# Credit Assignment in DL and DRL

## Credit assignment in Deep Learning and Deep Reinforcement Learning Workshop

## ICML 2018

## Saturday July 14- Sunday, July 15, 2018

**Stockholm, Sweden**

## Call for papers - https://openreview.net/group?id=ICML.cc/2018/ECA

### Deadline: 15 June, 2018

We accept both short paper (4 pages) and long paper (8 pages) submissions. A few papers may be selected as oral presentations, and the other accepted papers will be presented in a poster session. There will be no proceedings for this workshop, however, upon the author’s request, accepted contributions will be made available in the workshop website. Submission is single-blind and open to already published work.

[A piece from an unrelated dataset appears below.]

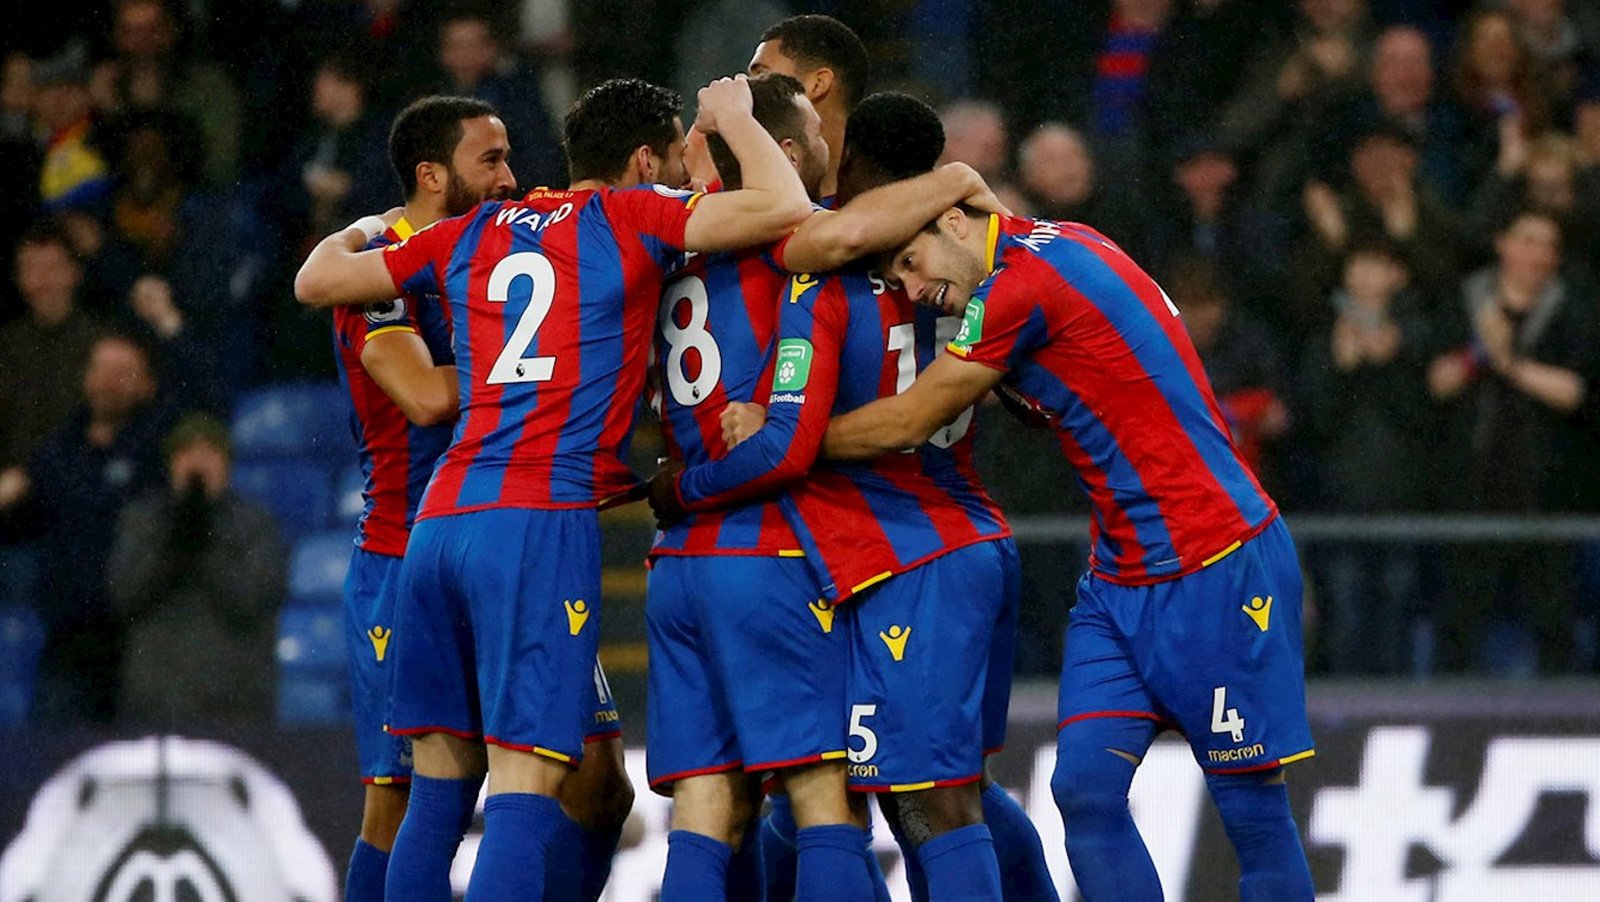 EPL review week 31: Palace pull clear; West Brom and Stoke sink further

We are interested in submissions that deal with the issue of credit assignment: how the parameters, actions, or states of a system can be changed to produce some downstream effect. The work can be experimental, analytical, or theoretical. We are also open to work in progress. Synthetic Gradients, Sparse Attentive Backtracking, Equilibrium Propagation and UORO are examples of the kinds of work that we'd consider to be highly relevant

We welcome submissions related to the following topics:

- Alternatives to Backpropagation for training deep networks
- New ways of assigning credit to actions in reinforcement learning (e.g. temporal difference learning, eligibility traces)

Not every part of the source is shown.